→ **INFORMATION SUPPLIED**
###
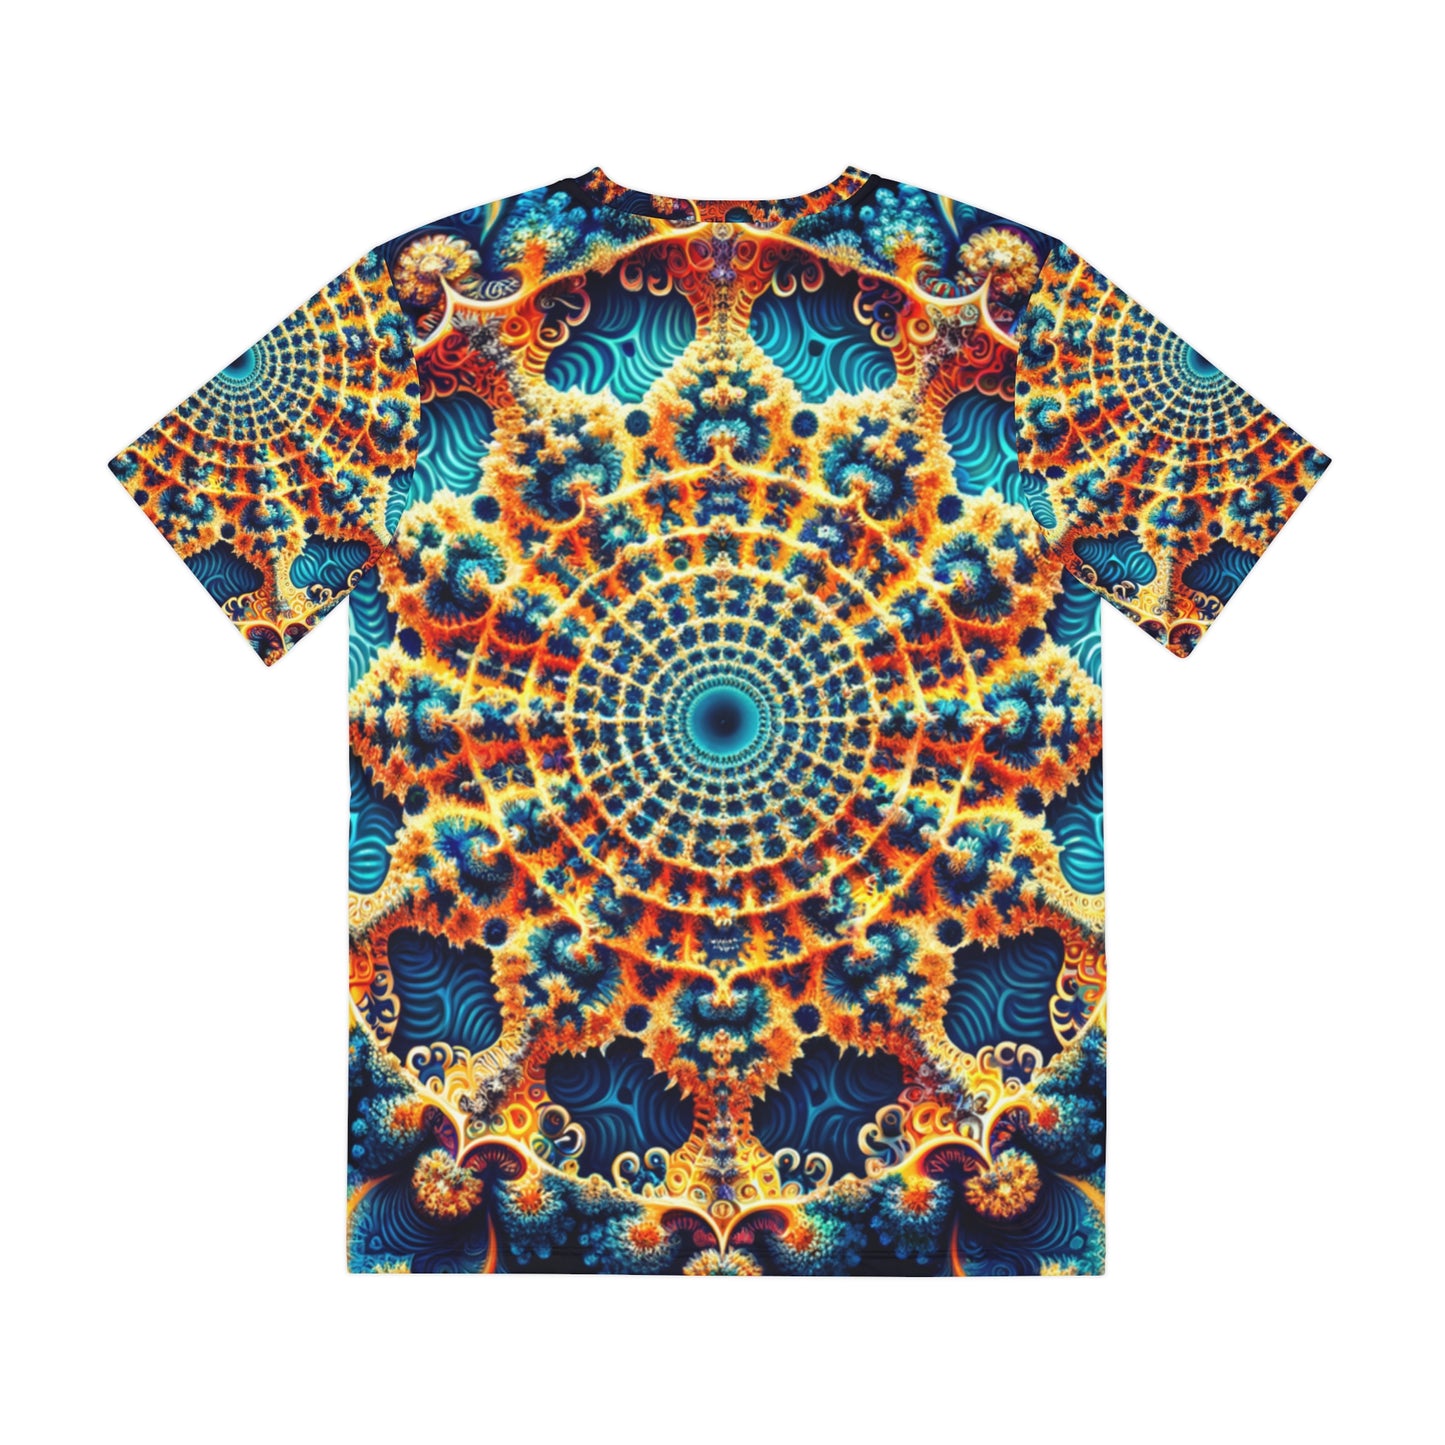 Back view of the Azurite Mandala Bloom Crewneck Pullover All-Over Print Short-Sleeved Shirt blue yellow red white mandala pattern
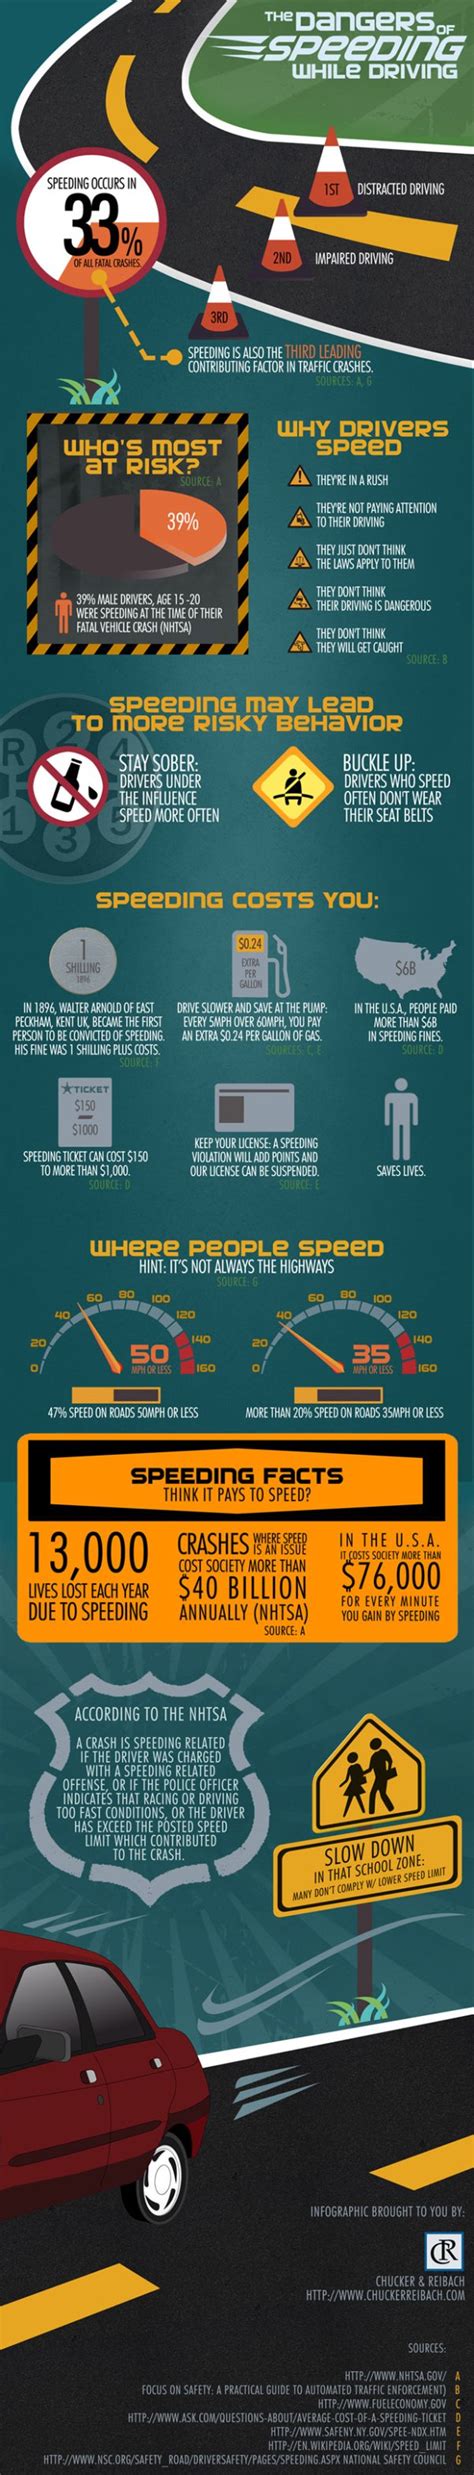 The Dangers Of Speeding While Driving Infographic
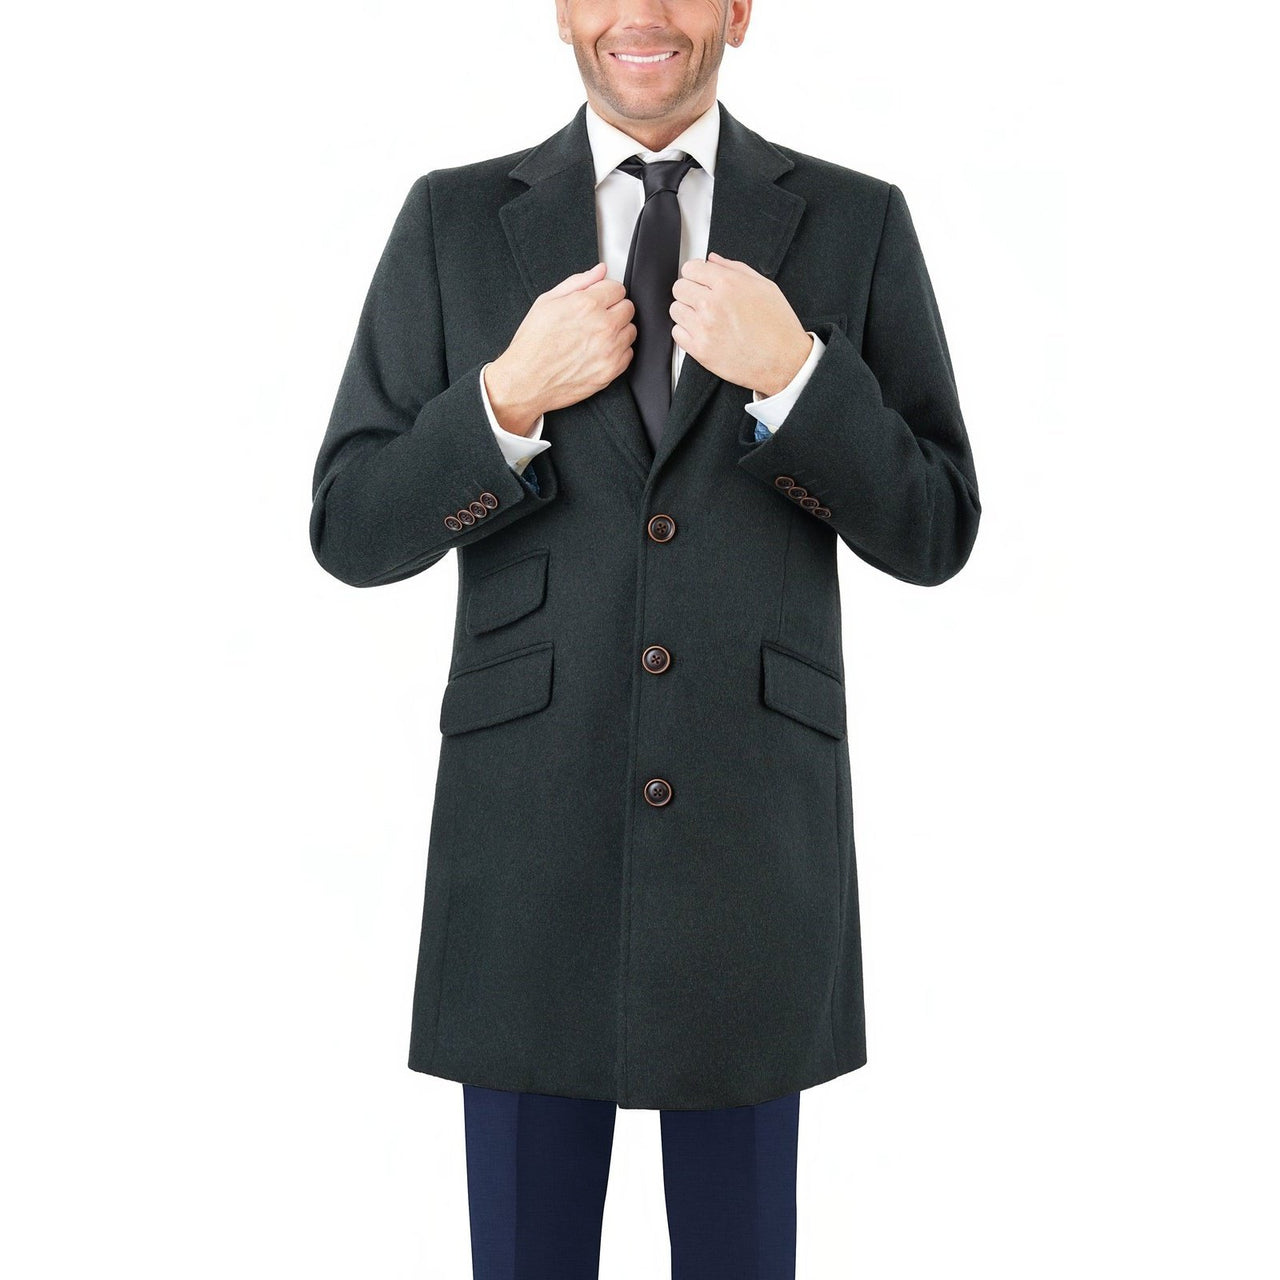 Arthur Black OUTERWEAR The Suit Depot Men's Wool Cashmere Single Breasted Hunter Green 3/4 Length Top Coat
###
→ **WORK TASK**
Could you restate the material word for word, omitting the pictures?

→ **SOLUTION BELOW**
 Back view of the Azurite Mandala Bloom Crewneck Pullover All-Over Print Short-Sleeved Shirt blue yellow red white mandala pattern
 The Dangers Of Speeding While Driving Infographic
 Arthur Black OUTERWEAR The Suit Depot Men's Wool Cashmere Single Breasted Hunter Green 3/4 Length Top Coat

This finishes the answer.